(DATASET EXCERPT)
________________________________________

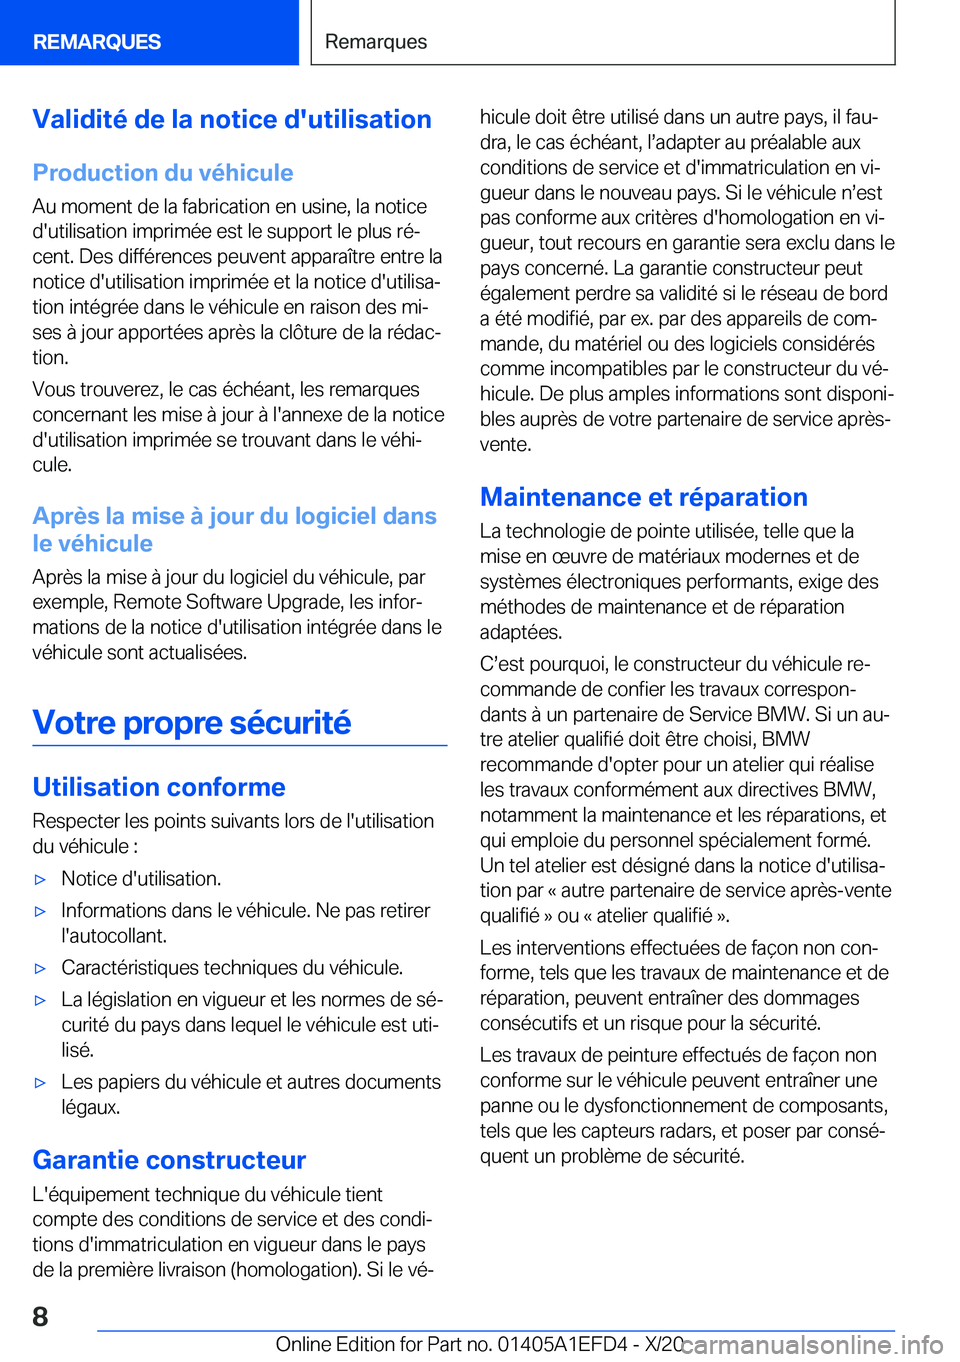 BMW X7 2021  Notices Demploi (in French) �V�a�l�i�d�i�t�é��d�e��l�a��n�o�t�i�c�e��d�'�u�t�i�l�i�s�a�t�i�o�n
�P�r�o�d�u�c�t�i�o�n��d�u��v�é�h�i�c�u�l�e
�A�u��m�o�m�e�n�t��d�e��l�a��f�a�b�r�i�c�a�t�i�o�n��e�n��u�s�i�n�e�,��l

________________________________________

(TASK DETAILS)
For the data above, return an exact copy that contains no pictures.

(ANSWER)
 BMW X7 2021  Notices Demploi (in French) �V�a�l�i�d�i�t�é��d�e��l�a��n�o�t�i�c�e��d�'�u�t�i�l�i�s�a�t�i�o�n
�P�r�o�d�u�c�t�i�o�n��d�u��v�é�h�i�c�u�l�e
�A�u��m�o�m�e�n�t��d�e��l�a��f�a�b�r�i�c�a�t�i�o�n��e�n��u�s�i�n�e�,��l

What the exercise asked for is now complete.